The trendy recipes aren’t only based on coffee drinks; some of the most popular off-the-menu requests this summer are based on fruit drinks, which also can be deceptively unhealthy, Vadiveloo said.

“There’s more of a ‘health halo’ around juice because people associate juice and fruit,” she said. “But again, we don’t compensate for calories from juice in the same way that we do with whole fruit. And when we just have juice, it takes away the fiber and some of the water content that helps keep you fuller, so you’re more likely to over-consume juice and sugar at once.”

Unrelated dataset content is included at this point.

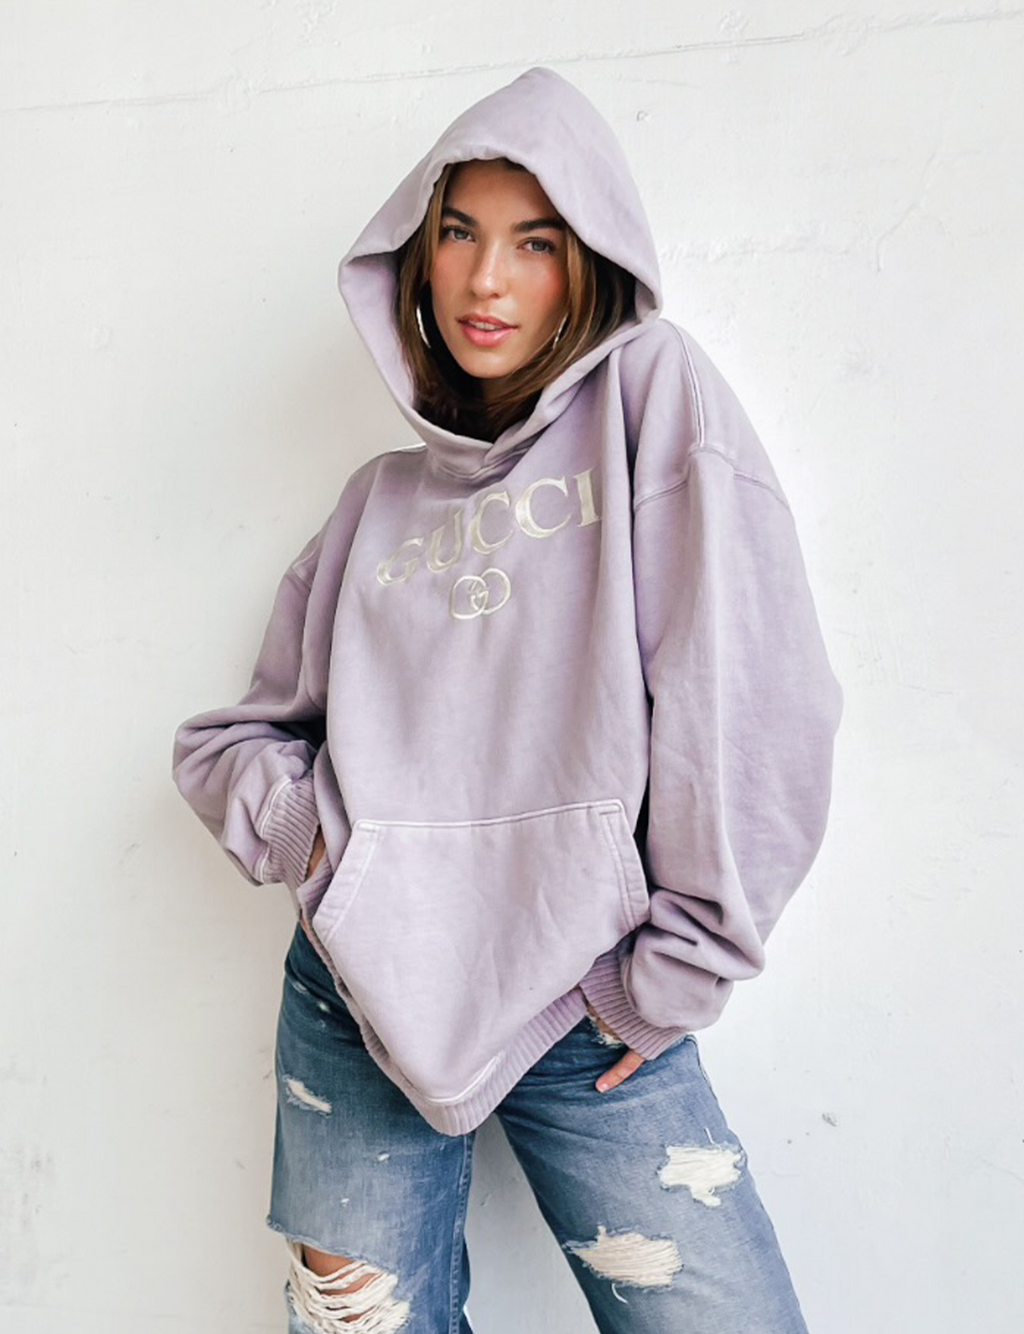 Gucci Cream Embroidered Fleece Hoodie, Lavender

A study last year in the Journal of the American Heart Association found women who drank one or more sugary beverages a day had an 18% higher risk of cardiovascular disease. Another study, from the AHA’s journal Circulation, found sugary drinks are associated with an increased risk of death from cardiovascular disease and, to a lesser extent, cancer.

If you have been trying out some extra-sweet recipes you’ve seen online – and if you’ve developed a sugary habit – it is possible to retrain your taste buds to appreciate a healthier version of your favorite beverage.

“You can wean yourself off,” St-Onge said. “If you’re starting off enjoying those eight pumps or 10 pumps, then start cutting. Go from eight to six, and then six to four, and then four to three and see just how low you could go.

“You could train yourself to cut back, and if you do so gradually, it doesn’t seem so painful.”

Of all the unhealthy additions helping drink recipes go viral, perhaps the most dangerous ingredient is FOMO, the fear of missing out.

“Many of these drinks are things that people consume pretty frequently, on top of already not eating a heart-healthy diet, and then they sort of are made glamorous by the ‘secret menu’ and some of the other consumer psychology tricks that people use,” Vadiveloo said. “Like a fear of missing out: ‘If I don’t know about the secret menu, or if I don’t try this pink drink, I’m somehow less popular.’ But these are really not part of a healthy diet.

“If it sounds too good to be true, it usually is.”